REQUIRED ACTION
Reproduce the material below only from the line with "Latitude adjusting mechanism" to the line with "IBM DS3000 Storage Server", both included, keeping each line exact and dropping the pictures.

(Beginning of RECORDS FOR THIS EXERCISE)

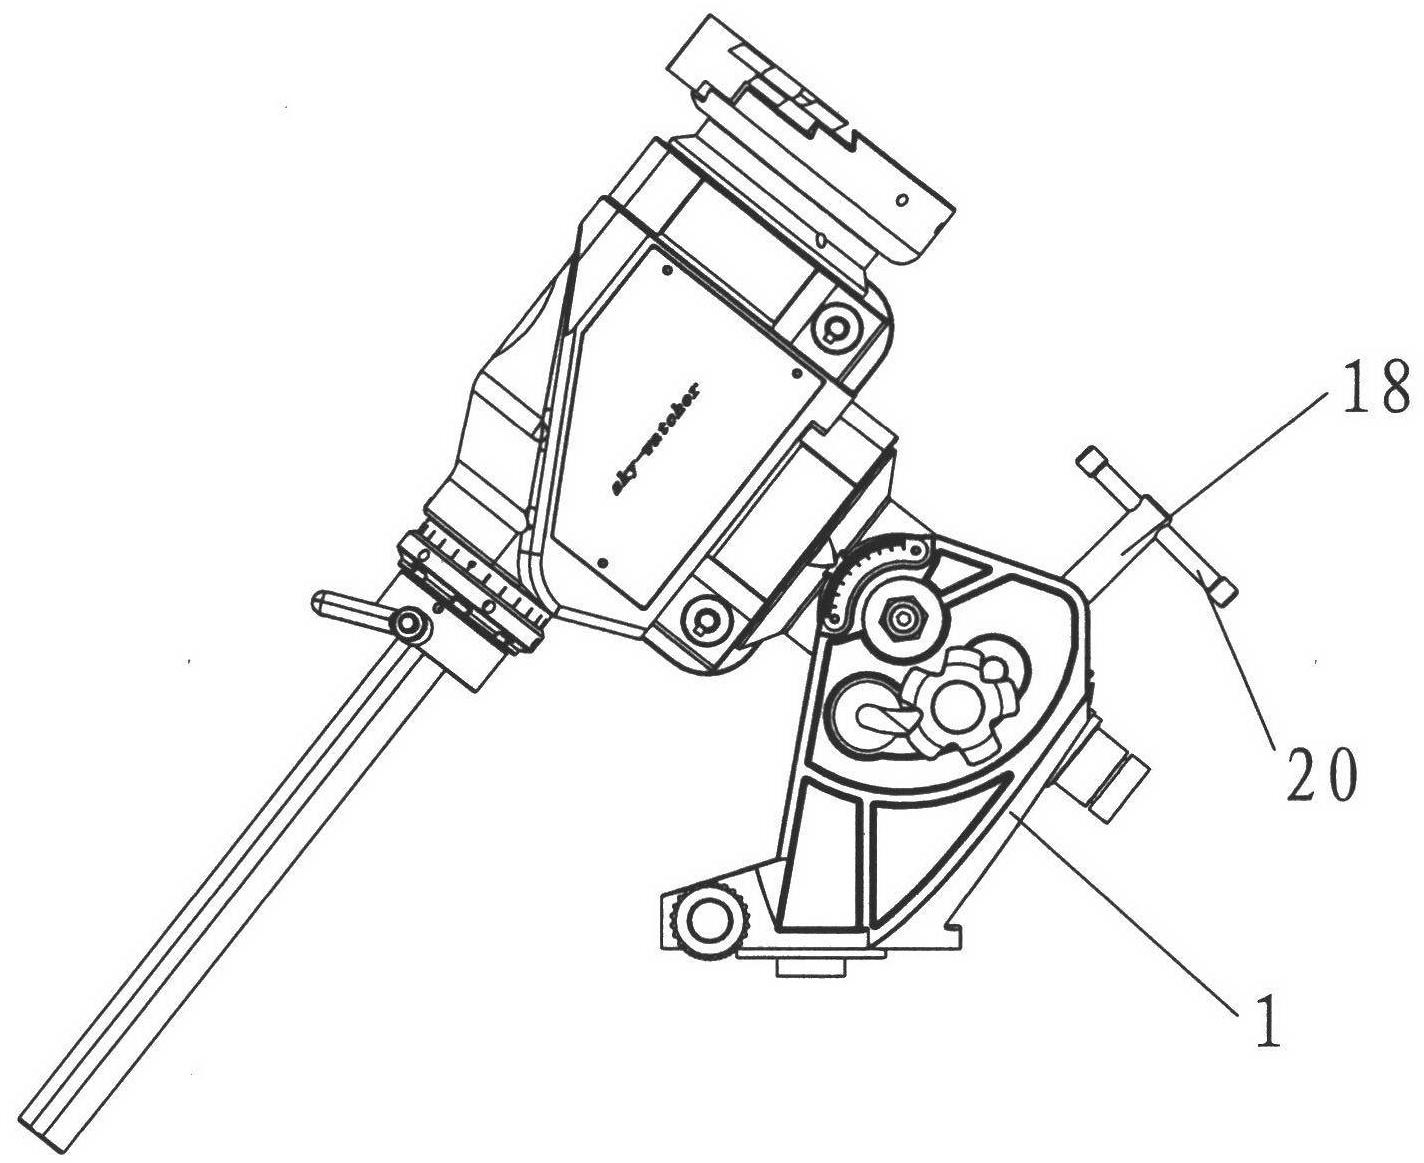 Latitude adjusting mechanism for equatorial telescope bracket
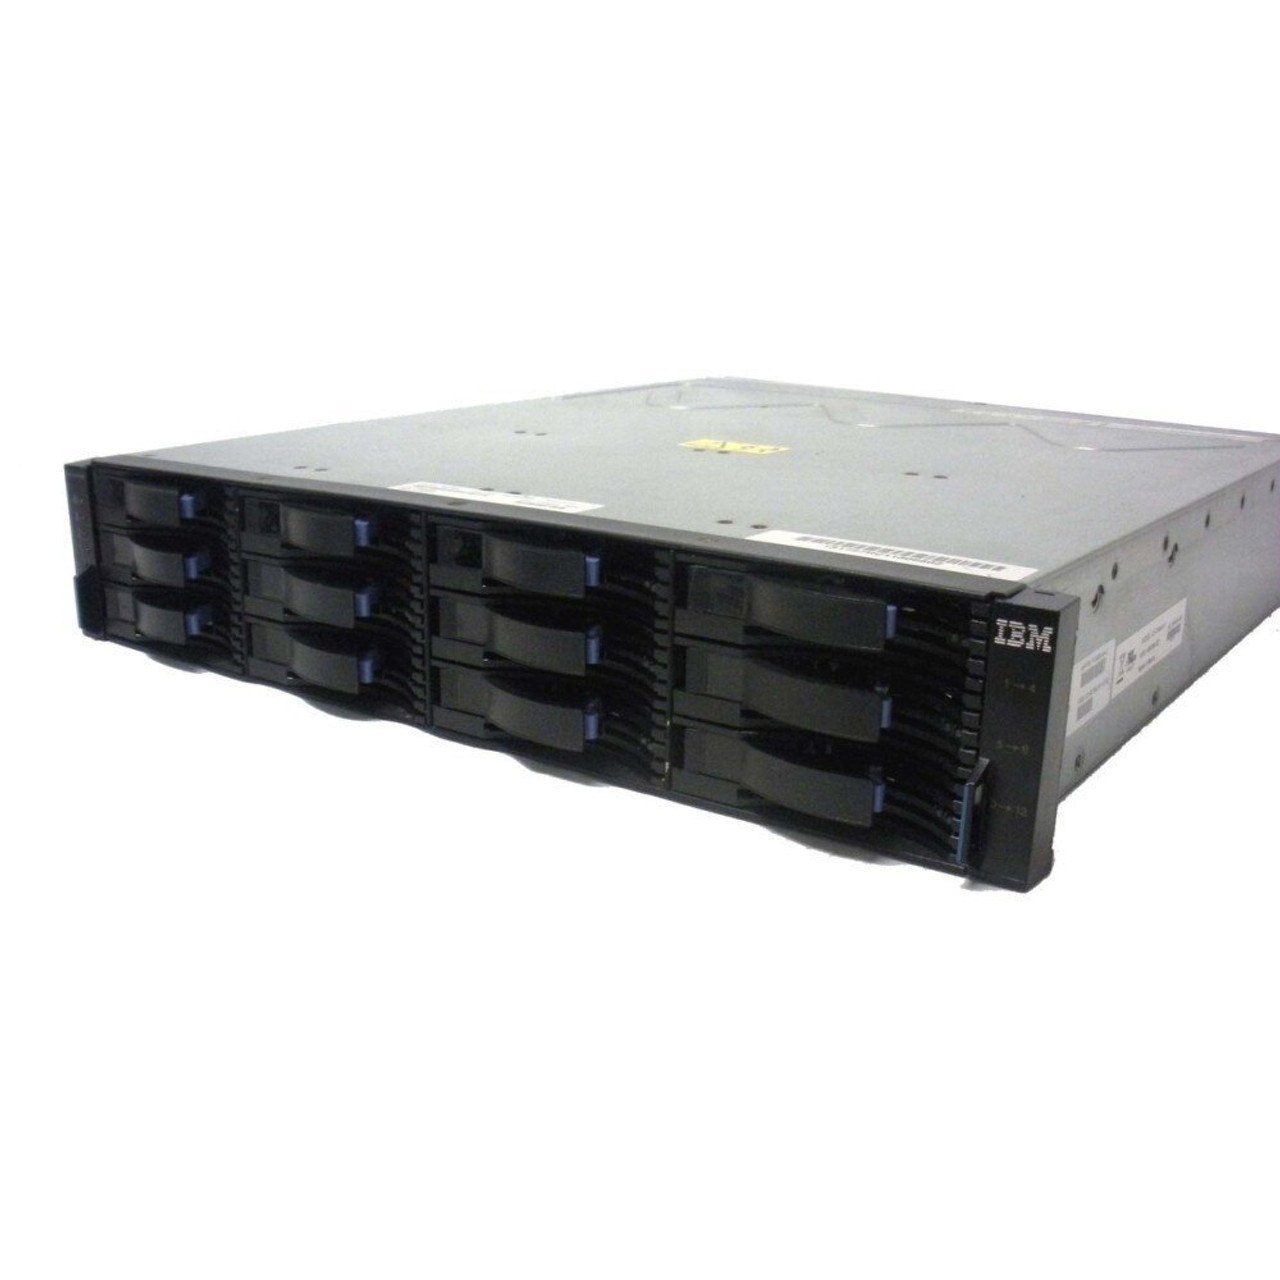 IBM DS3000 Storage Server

(End of RECORDS FOR THIS EXERCISE)
(Beginning of RECORDS FOR THIS EXERCISE)

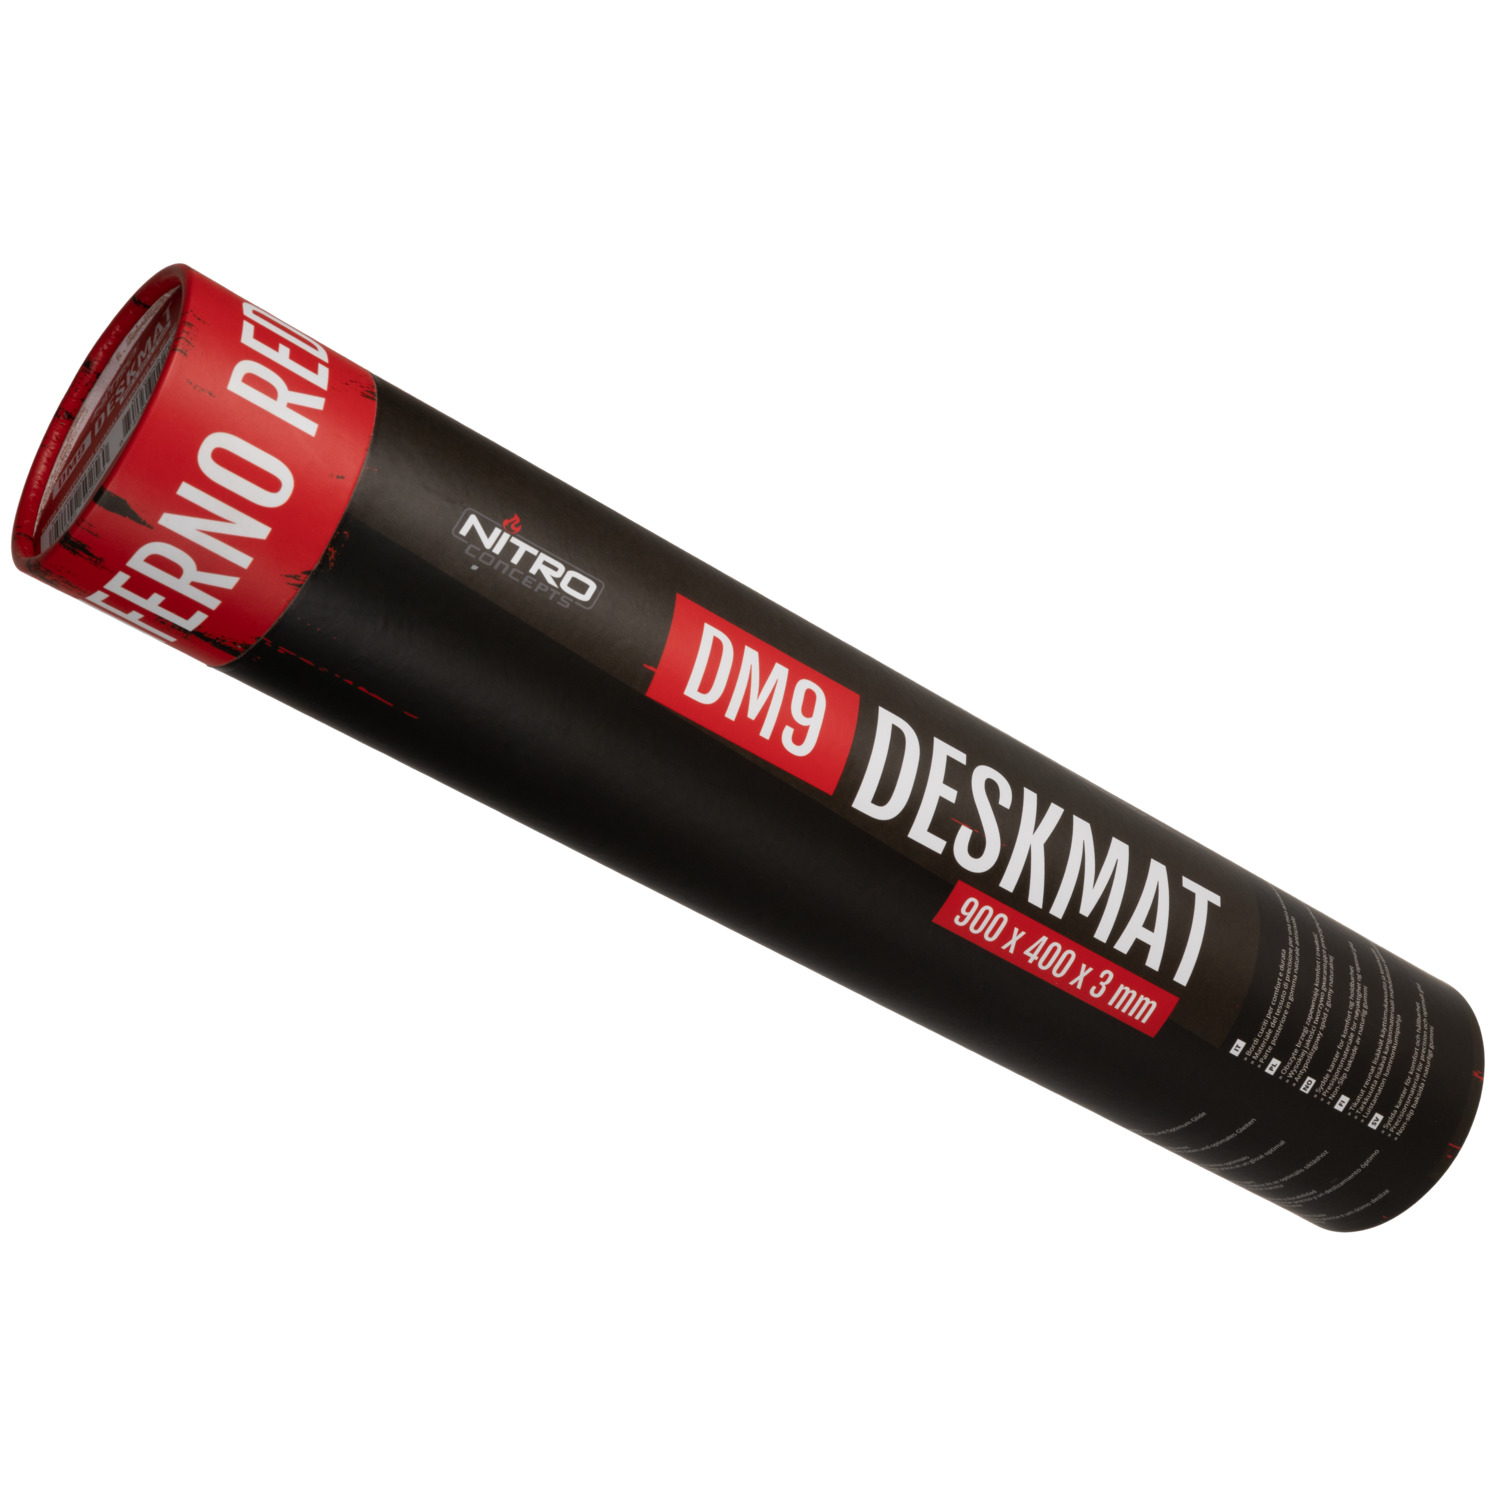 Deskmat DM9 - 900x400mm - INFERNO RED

(End of RECORDS FOR THIS EXERCISE)
(Beginning of RECORDS FOR THIS EXERCISE)

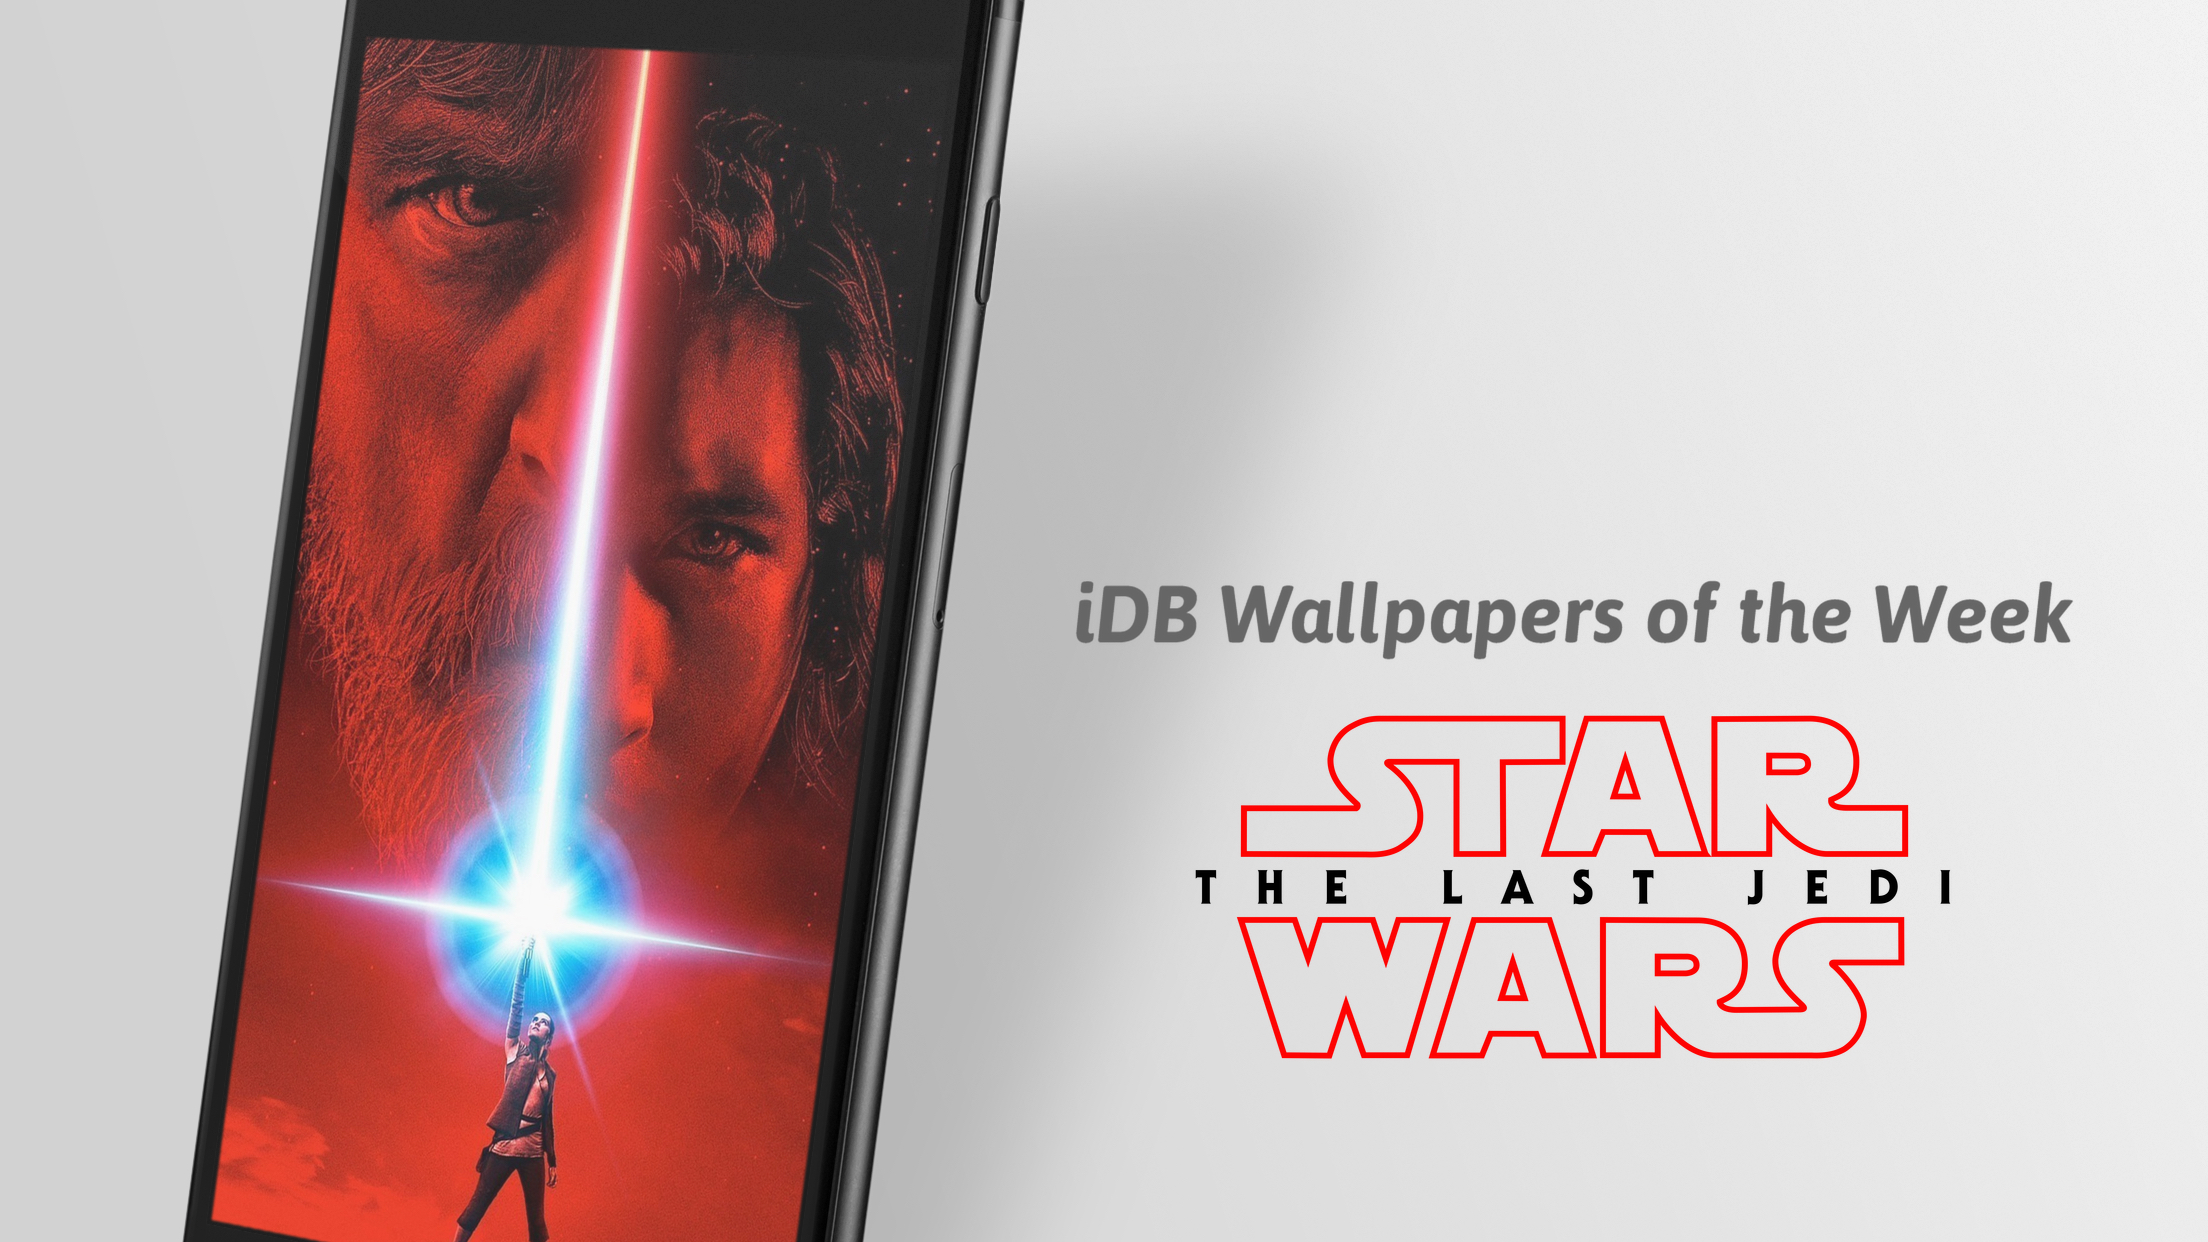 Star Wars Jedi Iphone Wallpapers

(End of RECORDS FOR THIS EXERCISE)

RESPONSE
 Latitude adjusting mechanism for equatorial telescope bracket
 IBM DS3000 Storage Server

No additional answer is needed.